Preprocessor Directives

Pre-processor directives, such as #define and #include, are processed in the first stage of compiling a GXC program. All directives are replaced by the result of acting on the directive. For example, the pre-processor can replace tokens in the text, insert the contents of other files into the source file, or suppress compilation of part of the file by removing sections of text. Pre-processor lines are recognised and carried out before macro expansion. Therefore, if a macro expands into something that looks like a pre-processor command, that command is not recognised by the pre-processor.

The number sign (#) must be the first character on the line containing the directive; white-space characters can appear between the number sign and the first letter of the directive. Some directives include arguments or values.
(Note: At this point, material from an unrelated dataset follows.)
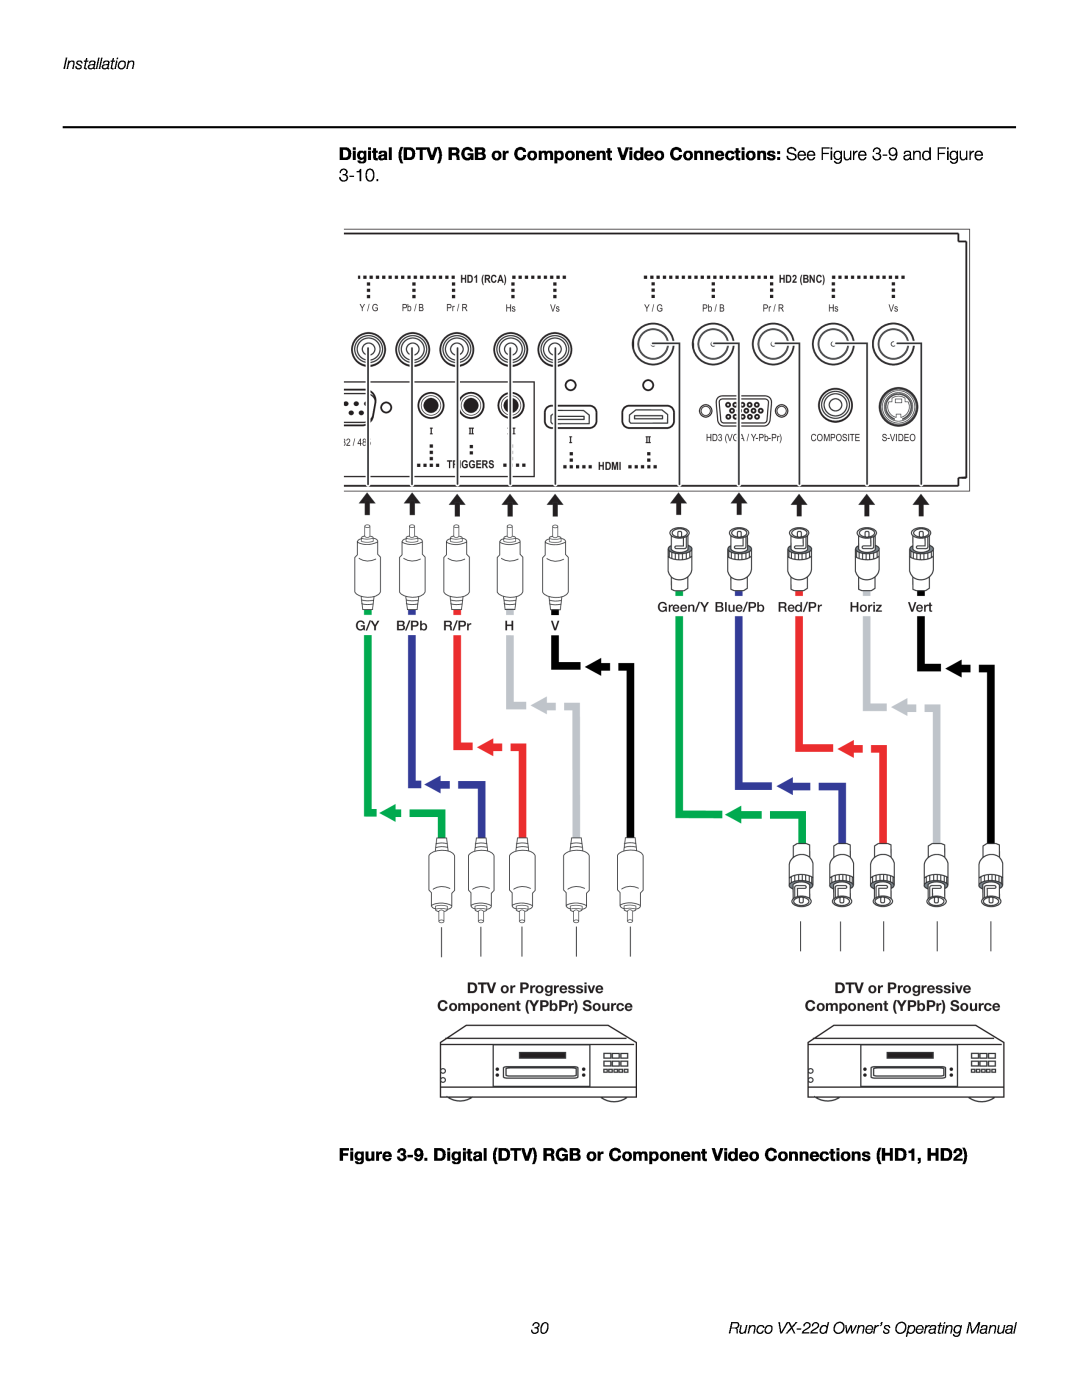 Runco VX-22D 9. Digital DTV RGB or Component Video Connections HD1, HD2, Installation, B/Pb, R/Pr, Green/Y Blue/Pb, Red/Pr

Any text that follows a directive (except an argument or value that is part of the directive) must be enclosed in comment delimiters ( /* */ ) (single-line comment delimiters (//) are not supported on directive lines). Lines containing pre-processor directives can be continued by immediately preceding the end-of-line marker with a backslash (\).
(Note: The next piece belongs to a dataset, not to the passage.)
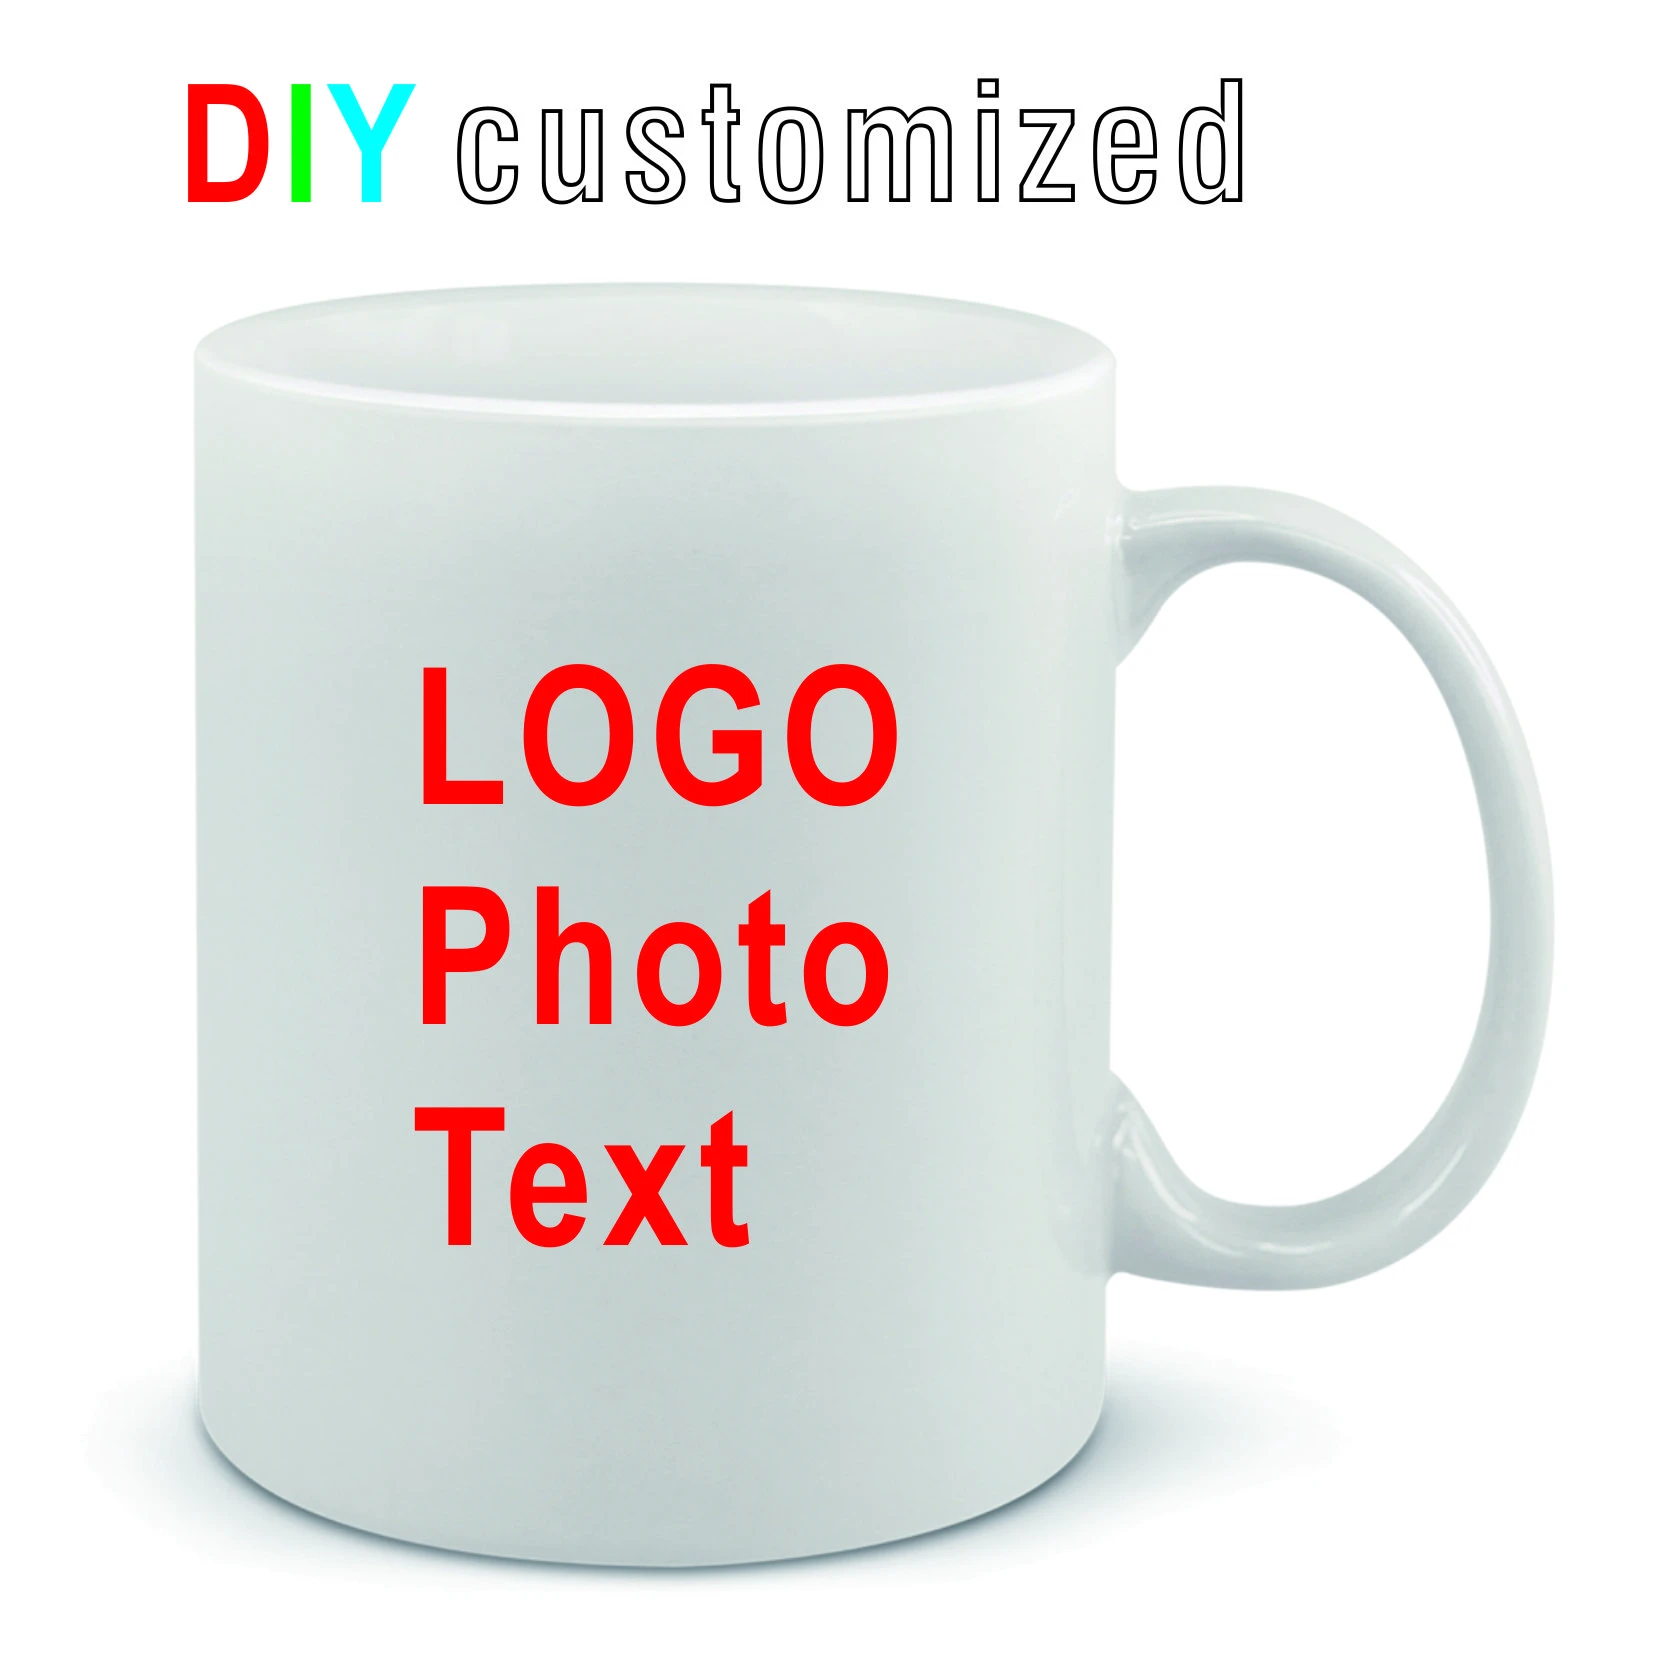 DIY Customized 350ML 12oz Ceramic Mug Personalized Mugs Coffee Milk Cup Creative Present Cute Gift Print Picture Photo LOGO Text

Pre-processor directives can appear anywhere in a source file, but they apply only to the remainder of the source file. 


 

#define

You can use the #define directive to give a meaningful name to a constant in your program. The two forms of the syntax are:

#define identifier token-string

#define identifier(parameter list) token-string

The #define directive substitutes token-string for all subsequent occurrences of an identifier in the source file. The identifier is replaced only when it forms a token. (See Tokens.) For instance, identifier is not replaced if it appears in a comment, within a string, or as part of a longer identifier.

A #define without a token-string removes occurrences of identifier from the source file. The identifier remains defined and can be tested using the #ifdef directive.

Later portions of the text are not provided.